Covenants Related to Sunoco Logistics
The $350 and $200 million Credit Facilities contain various covenants limiting the Partnership’s ability to incur indebtedness;
grant certain liens; make certain loans, acquisitions and investments; make any material change to the nature of its business;
or enter into a merger or sale of assets, including the sale or transfer of interests in the Operating Partnership’s subsidiaries.
The credit facilities also limit the Partnership, on a rolling four-quarter basis, to a maximum total consolidated debt to
consolidated EBITDA ratio, as defined in the underlying credit agreements, of 5.0 to 1, which can generally be increased to
5.5 to 1 during an acquisition period.

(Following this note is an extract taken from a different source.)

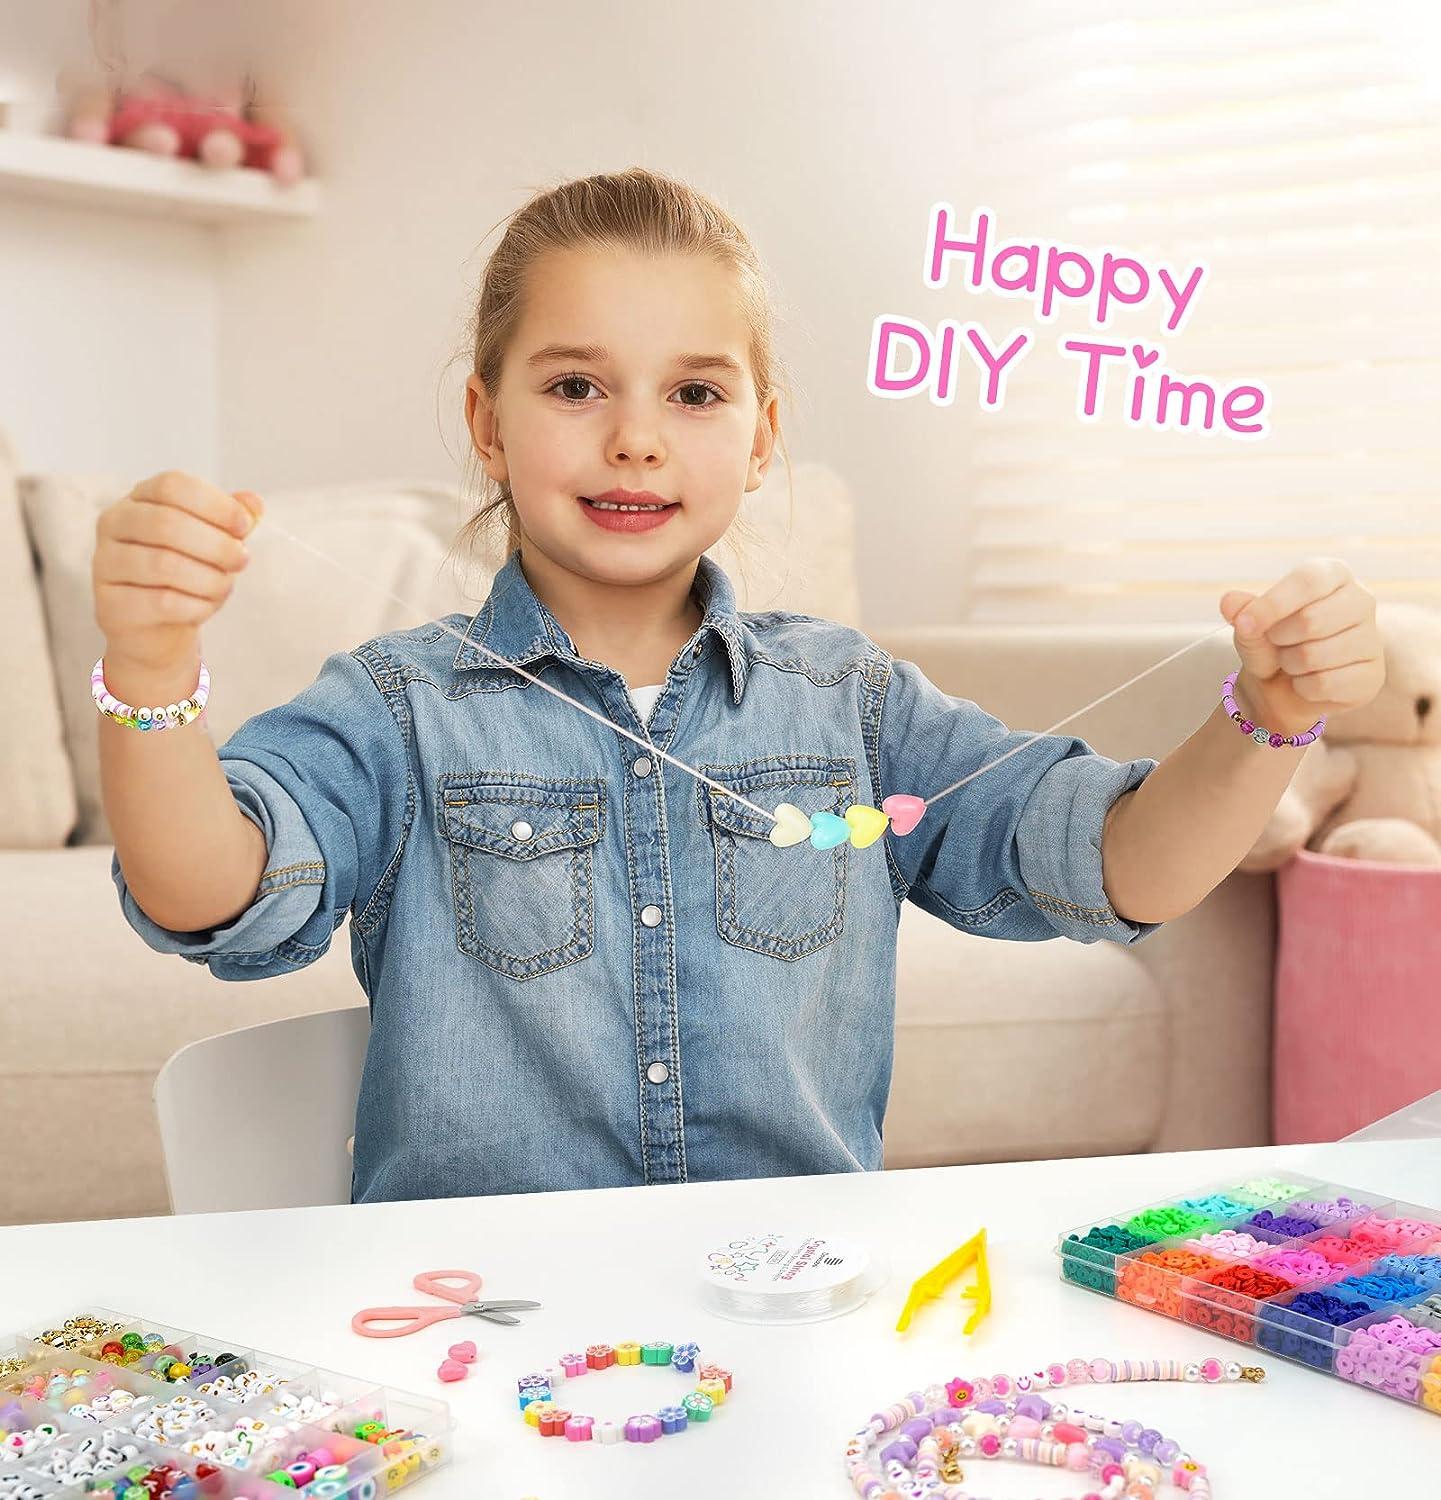 Giving Smiles With Alphabet Beads Loom Band Bracelets Craft! - Fun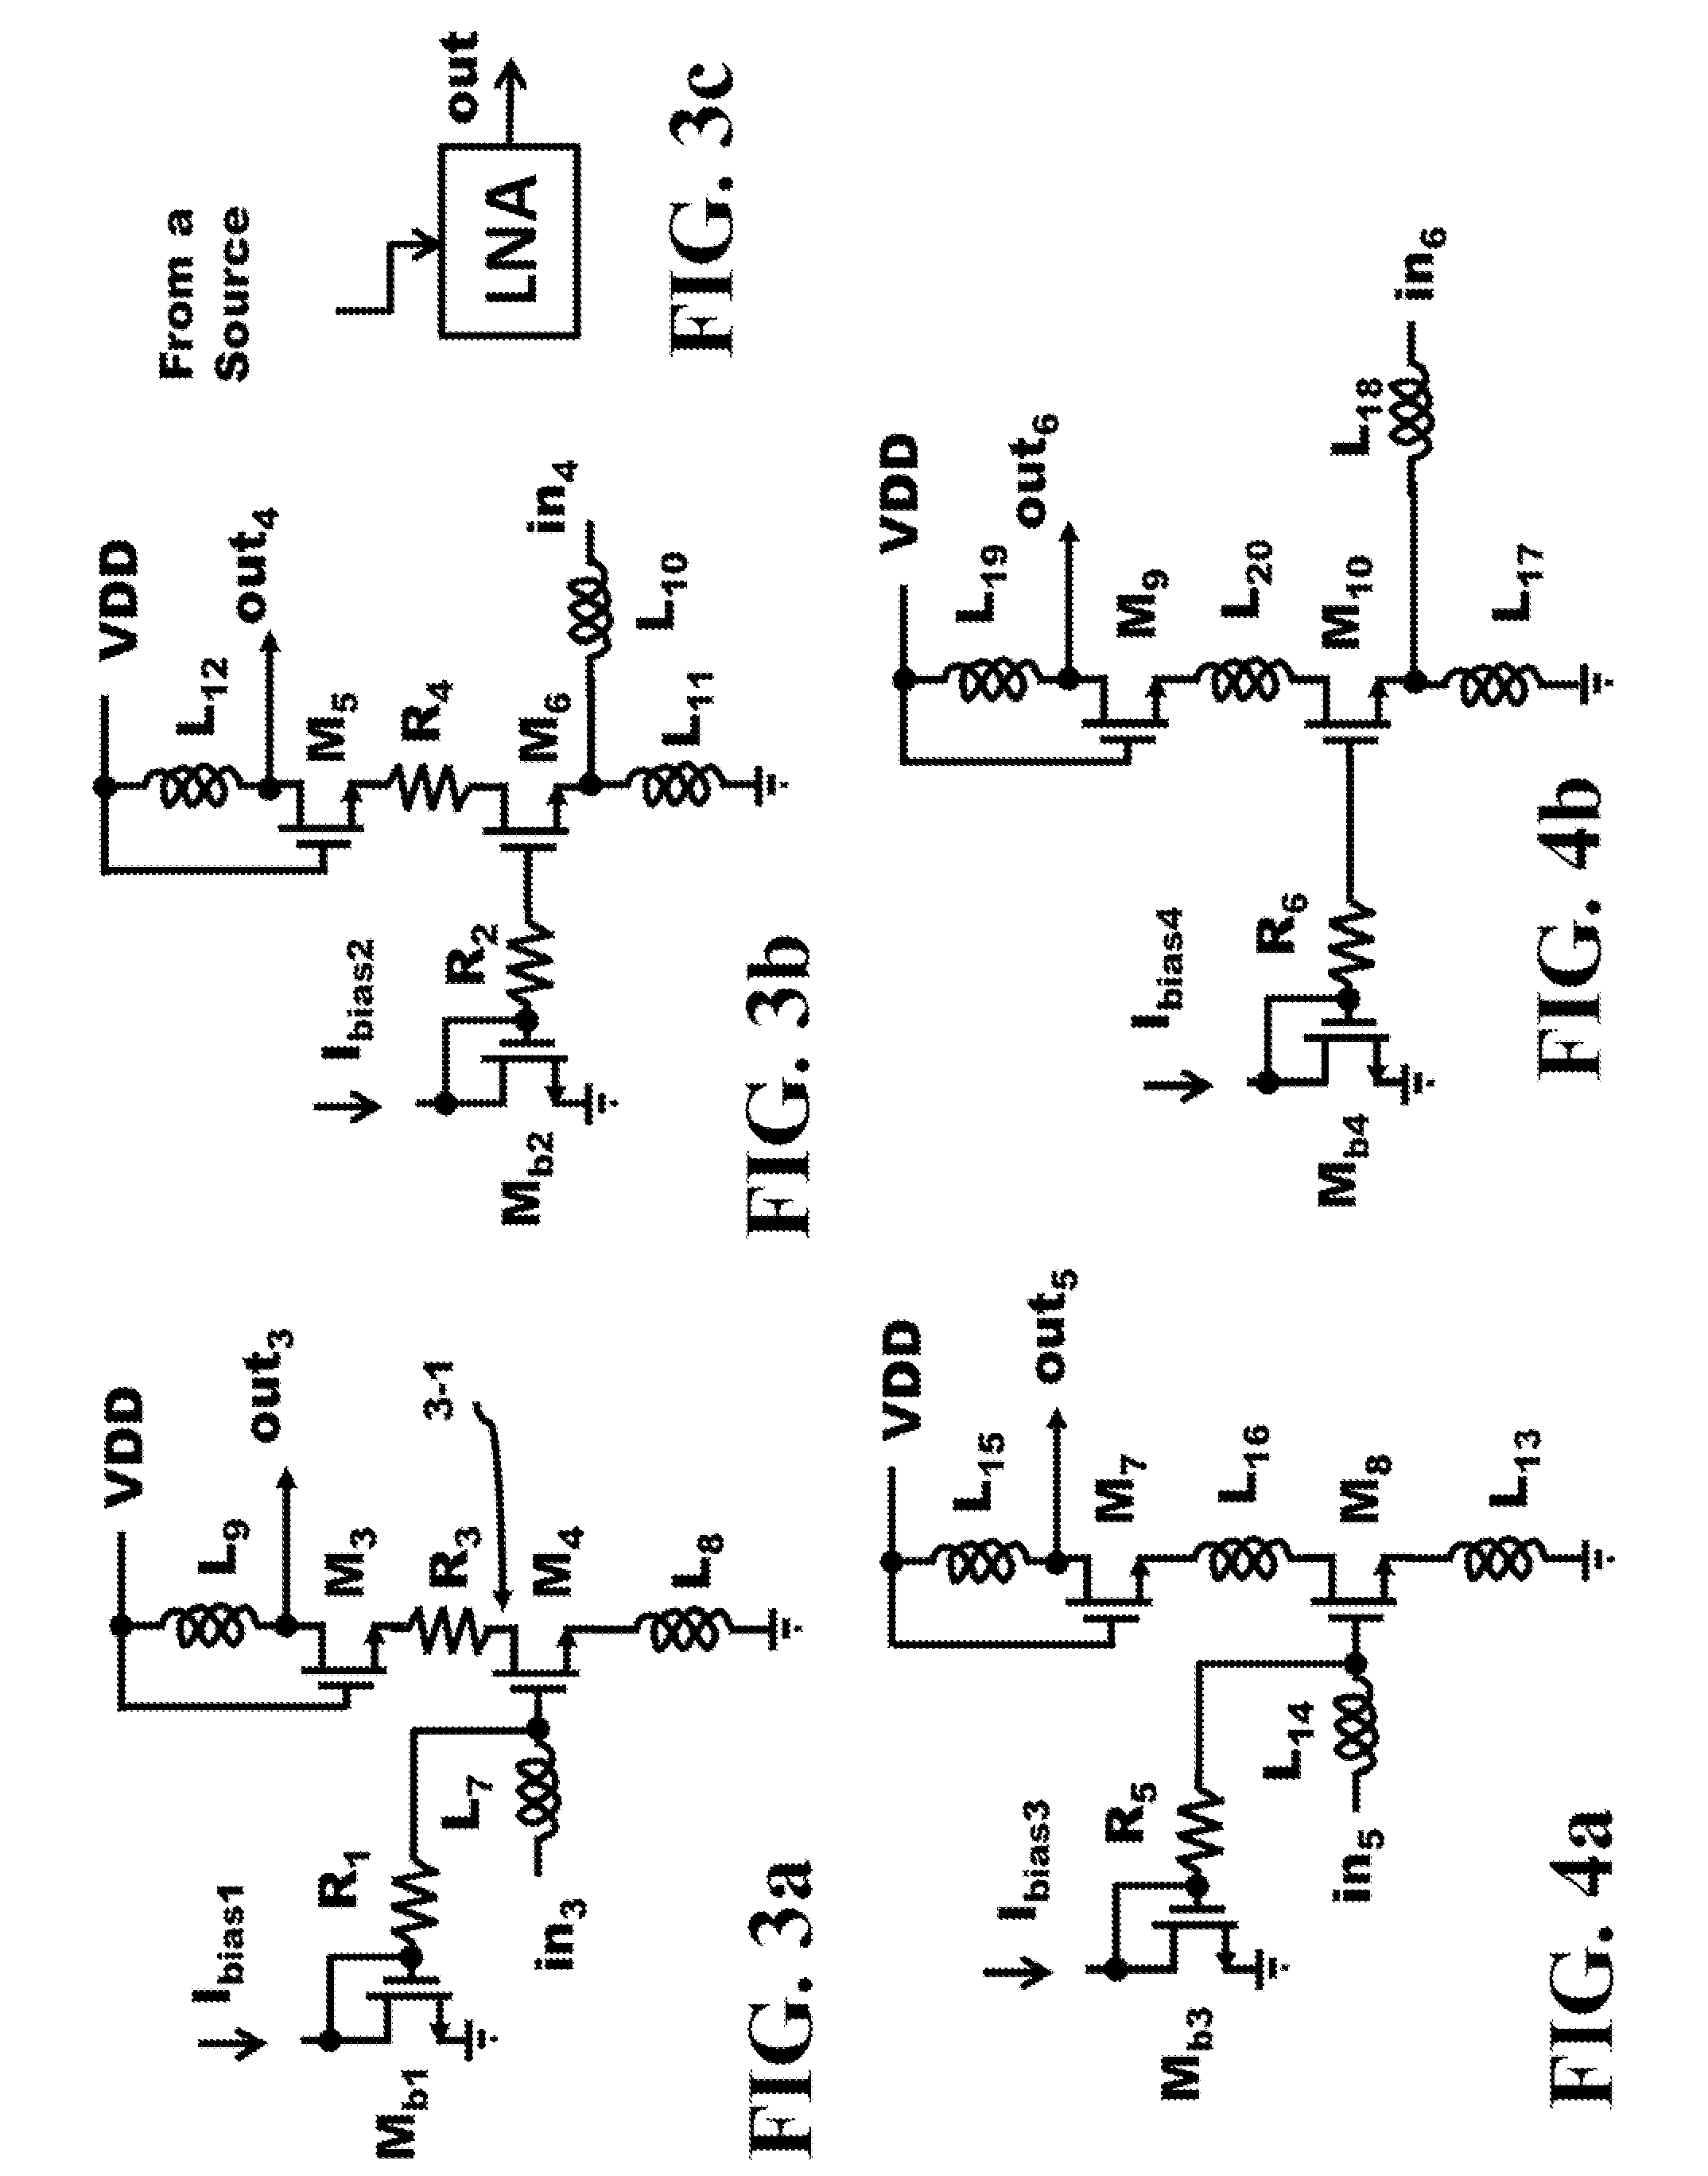 Method and Apparatus of an Input Resistance of a Passive Mixer to Broaden the Input Matching Bandwidth of a Common Source/Gate LNA

The Partnership’s ratio of total debt to EBITDA was 2.0 to 1 at December 31, 2012, as
calculated in accordance with the credit agreements.
The $35 million Credit Facility limits West Texas Gulf, on a rolling four-quarter basis, to a minimum fixed charge coverage
ratio, as defined in the underlying credit agreement. The ratio for the fiscal quarter ending December 31, 2012 shall not be
less than 1.00 to 1. The minimum ratio fluctuates between 0.80 to 1 and 1.00 to 1 throughout the term of the revolver as
specified in the credit agreement. In addition, the credit facility limits West Texas Gulf to a maximum leverage ratio of 2.00
to 1. West Texas Gulfs fixed charge coverage ratio and leverage ratio were 1.29 to 1 and 0.62 to 1, respectively, at December 31,
2012.
7. EQUITY:
Limited Partner interests are represented by Common, Class E Units and Class F Units that entitle the holders thereof to the
rights and privileges specified in the Partnership Agreement. As of December 31, 2012, there were issued and outstanding
301,485,604 Common Units representing an aggregate 99.1% Limited Partner interest in us. There are also 8,853,832 Class
E Units and 90,706,000 Class F Units outstanding that are reported as treasury units, which units are entitled to receive
distributions in accordance with their terms.
No person is entitled to preemptive rights in respect of issuances of equity securities by us, except that ETP GP has the right,
in connection with the issuance of any equity security by us, to purchase equity securities on the same terms as equity securities
are issued to third parties sufficient to enable ETP GP and its affiliates to maintain the aggregate percentage equity interest
in us as ETP GP and its affiliates owned immediately prior to such issuance.
IDRs represent the contractual right to receive an increasing percentage of quarterly distributions of Available Cash (as defined
in our Partnership Agreement) from operating surplus after the minimum quarterly distribution has been paid. Please read
“Quarterly Distributions of Available Cash” below. ETP GP owns all of the IDRs.